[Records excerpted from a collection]
--- START ---

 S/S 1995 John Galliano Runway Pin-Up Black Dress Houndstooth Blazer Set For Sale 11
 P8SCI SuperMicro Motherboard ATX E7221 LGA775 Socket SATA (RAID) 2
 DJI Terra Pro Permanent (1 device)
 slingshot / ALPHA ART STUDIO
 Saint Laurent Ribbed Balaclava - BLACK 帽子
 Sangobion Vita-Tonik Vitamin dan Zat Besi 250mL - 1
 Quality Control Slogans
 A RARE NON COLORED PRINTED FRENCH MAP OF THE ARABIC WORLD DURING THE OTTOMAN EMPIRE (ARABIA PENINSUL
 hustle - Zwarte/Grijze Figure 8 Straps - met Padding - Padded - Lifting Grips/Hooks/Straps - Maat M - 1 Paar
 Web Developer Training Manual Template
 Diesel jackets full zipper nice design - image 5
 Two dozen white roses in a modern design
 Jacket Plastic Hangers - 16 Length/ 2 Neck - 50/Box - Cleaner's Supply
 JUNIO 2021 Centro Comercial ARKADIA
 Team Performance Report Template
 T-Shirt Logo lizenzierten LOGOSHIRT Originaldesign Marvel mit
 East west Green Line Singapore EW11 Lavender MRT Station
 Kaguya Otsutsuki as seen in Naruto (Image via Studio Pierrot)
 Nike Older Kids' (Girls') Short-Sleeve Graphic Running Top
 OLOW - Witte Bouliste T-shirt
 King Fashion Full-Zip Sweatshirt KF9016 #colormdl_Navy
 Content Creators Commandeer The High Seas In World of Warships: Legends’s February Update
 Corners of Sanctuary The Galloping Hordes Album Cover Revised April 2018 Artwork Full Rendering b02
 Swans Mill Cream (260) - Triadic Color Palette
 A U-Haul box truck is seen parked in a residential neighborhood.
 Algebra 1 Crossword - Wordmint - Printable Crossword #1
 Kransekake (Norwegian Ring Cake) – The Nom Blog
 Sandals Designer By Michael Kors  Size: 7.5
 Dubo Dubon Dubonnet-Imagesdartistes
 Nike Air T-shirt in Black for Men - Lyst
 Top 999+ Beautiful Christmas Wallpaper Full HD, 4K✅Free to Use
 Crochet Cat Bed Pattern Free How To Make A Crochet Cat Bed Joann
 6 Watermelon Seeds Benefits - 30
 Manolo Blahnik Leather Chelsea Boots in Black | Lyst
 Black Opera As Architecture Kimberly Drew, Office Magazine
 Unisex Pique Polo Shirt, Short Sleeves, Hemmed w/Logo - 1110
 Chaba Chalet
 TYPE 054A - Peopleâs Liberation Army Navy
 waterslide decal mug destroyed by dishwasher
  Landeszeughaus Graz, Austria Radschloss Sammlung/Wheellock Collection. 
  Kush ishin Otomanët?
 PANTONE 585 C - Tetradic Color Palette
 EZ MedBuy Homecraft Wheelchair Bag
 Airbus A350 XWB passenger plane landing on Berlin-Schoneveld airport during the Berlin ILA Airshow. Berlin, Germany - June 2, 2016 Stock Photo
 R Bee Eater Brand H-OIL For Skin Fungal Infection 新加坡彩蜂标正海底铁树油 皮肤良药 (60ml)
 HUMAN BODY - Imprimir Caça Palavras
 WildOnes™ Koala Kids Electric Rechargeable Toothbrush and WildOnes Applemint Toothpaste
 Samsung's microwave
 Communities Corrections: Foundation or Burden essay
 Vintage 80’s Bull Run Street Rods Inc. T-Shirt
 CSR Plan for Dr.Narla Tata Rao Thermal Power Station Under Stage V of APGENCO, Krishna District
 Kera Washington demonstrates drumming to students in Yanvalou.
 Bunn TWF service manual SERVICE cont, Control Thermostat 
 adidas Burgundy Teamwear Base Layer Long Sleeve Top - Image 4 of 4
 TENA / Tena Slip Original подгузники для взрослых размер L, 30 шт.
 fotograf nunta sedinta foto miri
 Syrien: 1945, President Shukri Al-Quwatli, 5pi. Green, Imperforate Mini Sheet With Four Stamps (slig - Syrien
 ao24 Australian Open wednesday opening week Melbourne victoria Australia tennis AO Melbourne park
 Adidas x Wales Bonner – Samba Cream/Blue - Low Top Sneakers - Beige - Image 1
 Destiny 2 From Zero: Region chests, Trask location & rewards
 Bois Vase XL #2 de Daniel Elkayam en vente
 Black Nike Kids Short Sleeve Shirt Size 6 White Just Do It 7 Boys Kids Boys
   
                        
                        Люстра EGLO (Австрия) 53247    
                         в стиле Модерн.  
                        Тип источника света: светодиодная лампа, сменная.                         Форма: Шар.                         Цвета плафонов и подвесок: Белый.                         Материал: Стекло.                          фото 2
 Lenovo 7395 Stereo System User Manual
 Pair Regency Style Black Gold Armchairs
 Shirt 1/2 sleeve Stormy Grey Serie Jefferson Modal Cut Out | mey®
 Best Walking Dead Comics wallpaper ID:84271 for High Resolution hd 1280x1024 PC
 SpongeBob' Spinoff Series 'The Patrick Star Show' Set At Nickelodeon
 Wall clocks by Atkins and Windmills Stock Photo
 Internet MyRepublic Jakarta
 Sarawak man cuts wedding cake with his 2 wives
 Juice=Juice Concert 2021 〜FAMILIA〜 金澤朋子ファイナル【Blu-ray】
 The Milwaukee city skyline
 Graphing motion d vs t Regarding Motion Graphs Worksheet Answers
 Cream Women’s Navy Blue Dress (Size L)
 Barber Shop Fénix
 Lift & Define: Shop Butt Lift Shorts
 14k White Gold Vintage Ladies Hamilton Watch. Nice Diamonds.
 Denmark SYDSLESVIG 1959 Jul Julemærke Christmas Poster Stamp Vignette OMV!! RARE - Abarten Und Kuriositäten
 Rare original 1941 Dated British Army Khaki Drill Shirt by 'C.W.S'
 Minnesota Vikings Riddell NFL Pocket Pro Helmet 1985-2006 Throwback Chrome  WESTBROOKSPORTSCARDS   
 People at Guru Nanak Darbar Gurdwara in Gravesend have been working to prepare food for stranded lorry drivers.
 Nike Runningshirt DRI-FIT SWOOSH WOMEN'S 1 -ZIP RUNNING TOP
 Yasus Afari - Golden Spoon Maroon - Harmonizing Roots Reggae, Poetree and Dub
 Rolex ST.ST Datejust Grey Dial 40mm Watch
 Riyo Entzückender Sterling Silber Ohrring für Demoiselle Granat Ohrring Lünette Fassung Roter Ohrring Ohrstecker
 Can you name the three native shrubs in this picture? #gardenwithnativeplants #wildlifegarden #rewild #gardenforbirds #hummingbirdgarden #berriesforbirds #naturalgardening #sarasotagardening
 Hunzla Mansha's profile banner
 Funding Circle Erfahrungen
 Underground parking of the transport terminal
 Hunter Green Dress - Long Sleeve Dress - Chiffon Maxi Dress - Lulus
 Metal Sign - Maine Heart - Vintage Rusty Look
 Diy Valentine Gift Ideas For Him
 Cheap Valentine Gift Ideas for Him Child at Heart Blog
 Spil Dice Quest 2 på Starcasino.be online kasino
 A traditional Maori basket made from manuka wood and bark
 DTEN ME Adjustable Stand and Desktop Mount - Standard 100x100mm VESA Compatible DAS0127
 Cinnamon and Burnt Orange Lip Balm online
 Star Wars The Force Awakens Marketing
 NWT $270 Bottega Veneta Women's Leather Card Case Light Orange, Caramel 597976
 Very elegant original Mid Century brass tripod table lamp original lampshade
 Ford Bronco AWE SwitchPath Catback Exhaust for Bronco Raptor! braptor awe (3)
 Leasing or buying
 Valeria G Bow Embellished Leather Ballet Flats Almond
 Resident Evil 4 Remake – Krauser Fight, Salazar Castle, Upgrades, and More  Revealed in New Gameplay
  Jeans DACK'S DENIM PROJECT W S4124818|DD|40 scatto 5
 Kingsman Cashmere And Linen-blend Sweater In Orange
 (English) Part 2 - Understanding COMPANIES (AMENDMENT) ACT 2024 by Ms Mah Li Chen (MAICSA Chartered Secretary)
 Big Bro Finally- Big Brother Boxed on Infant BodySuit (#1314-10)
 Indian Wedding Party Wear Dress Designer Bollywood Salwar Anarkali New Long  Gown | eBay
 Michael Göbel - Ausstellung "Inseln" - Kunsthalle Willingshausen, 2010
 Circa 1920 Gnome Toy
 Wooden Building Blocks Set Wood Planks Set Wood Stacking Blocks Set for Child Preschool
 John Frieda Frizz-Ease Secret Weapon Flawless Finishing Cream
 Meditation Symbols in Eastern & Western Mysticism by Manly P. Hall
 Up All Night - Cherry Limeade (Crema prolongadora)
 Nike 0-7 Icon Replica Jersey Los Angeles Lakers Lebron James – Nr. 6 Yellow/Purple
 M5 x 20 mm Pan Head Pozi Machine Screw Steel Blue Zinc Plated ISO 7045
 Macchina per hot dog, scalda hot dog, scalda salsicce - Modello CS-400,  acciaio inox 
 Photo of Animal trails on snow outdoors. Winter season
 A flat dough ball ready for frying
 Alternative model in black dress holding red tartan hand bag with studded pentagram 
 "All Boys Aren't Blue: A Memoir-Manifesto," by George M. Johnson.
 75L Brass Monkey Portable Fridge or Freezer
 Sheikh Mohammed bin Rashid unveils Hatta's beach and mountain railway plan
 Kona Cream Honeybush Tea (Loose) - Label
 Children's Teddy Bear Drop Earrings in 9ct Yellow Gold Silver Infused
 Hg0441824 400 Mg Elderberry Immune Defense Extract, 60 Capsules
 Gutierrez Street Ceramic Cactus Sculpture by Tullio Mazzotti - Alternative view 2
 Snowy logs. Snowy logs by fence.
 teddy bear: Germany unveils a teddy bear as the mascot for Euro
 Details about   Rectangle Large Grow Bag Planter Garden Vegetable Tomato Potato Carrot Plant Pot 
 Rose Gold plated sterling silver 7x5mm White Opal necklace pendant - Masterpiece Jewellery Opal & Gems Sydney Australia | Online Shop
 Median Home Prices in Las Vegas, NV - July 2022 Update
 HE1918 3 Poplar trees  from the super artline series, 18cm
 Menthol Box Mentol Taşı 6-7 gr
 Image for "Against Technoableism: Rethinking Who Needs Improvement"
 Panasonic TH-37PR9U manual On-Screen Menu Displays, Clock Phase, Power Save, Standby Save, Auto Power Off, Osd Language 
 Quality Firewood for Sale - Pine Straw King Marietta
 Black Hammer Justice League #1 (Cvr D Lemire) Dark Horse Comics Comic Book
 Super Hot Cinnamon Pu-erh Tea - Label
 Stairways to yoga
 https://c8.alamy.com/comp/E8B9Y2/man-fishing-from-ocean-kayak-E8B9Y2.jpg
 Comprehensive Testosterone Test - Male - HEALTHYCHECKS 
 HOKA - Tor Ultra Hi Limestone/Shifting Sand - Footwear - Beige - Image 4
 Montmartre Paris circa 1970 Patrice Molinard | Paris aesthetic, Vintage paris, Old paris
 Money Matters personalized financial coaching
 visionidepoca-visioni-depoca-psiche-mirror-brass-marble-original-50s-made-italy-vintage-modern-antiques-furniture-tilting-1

--- END ---

Proceeding from the line containing "TYPE 054A - Peopleâs Liberation Army Navy" through the line containing "fotograf nunta sedinta foto miri", transcribe the lines above exactly, both end lines included.

 TYPE 054A - Peopleâs Liberation Army Navy
 waterslide decal mug destroyed by dishwasher
  Landeszeughaus Graz, Austria Radschloss Sammlung/Wheellock Collection. 
  Kush ishin Otomanët?
 PANTONE 585 C - Tetradic Color Palette
 EZ MedBuy Homecraft Wheelchair Bag
 Airbus A350 XWB passenger plane landing on Berlin-Schoneveld airport during the Berlin ILA Airshow. Berlin, Germany - June 2, 2016 Stock Photo
 R Bee Eater Brand H-OIL For Skin Fungal Infection 新加坡彩蜂标正海底铁树油 皮肤良药 (60ml)
 HUMAN BODY - Imprimir Caça Palavras
 WildOnes™ Koala Kids Electric Rechargeable Toothbrush and WildOnes Applemint Toothpaste
 Samsung's microwave
 Communities Corrections: Foundation or Burden essay
 Vintage 80’s Bull Run Street Rods Inc. T-Shirt
 CSR Plan for Dr.Narla Tata Rao Thermal Power Station Under Stage V of APGENCO, Krishna District
 Kera Washington demonstrates drumming to students in Yanvalou.
 Bunn TWF service manual SERVICE cont, Control Thermostat 
 adidas Burgundy Teamwear Base Layer Long Sleeve Top - Image 4 of 4
 TENA / Tena Slip Original подгузники для взрослых размер L, 30 шт.
 fotograf nunta sedinta foto miri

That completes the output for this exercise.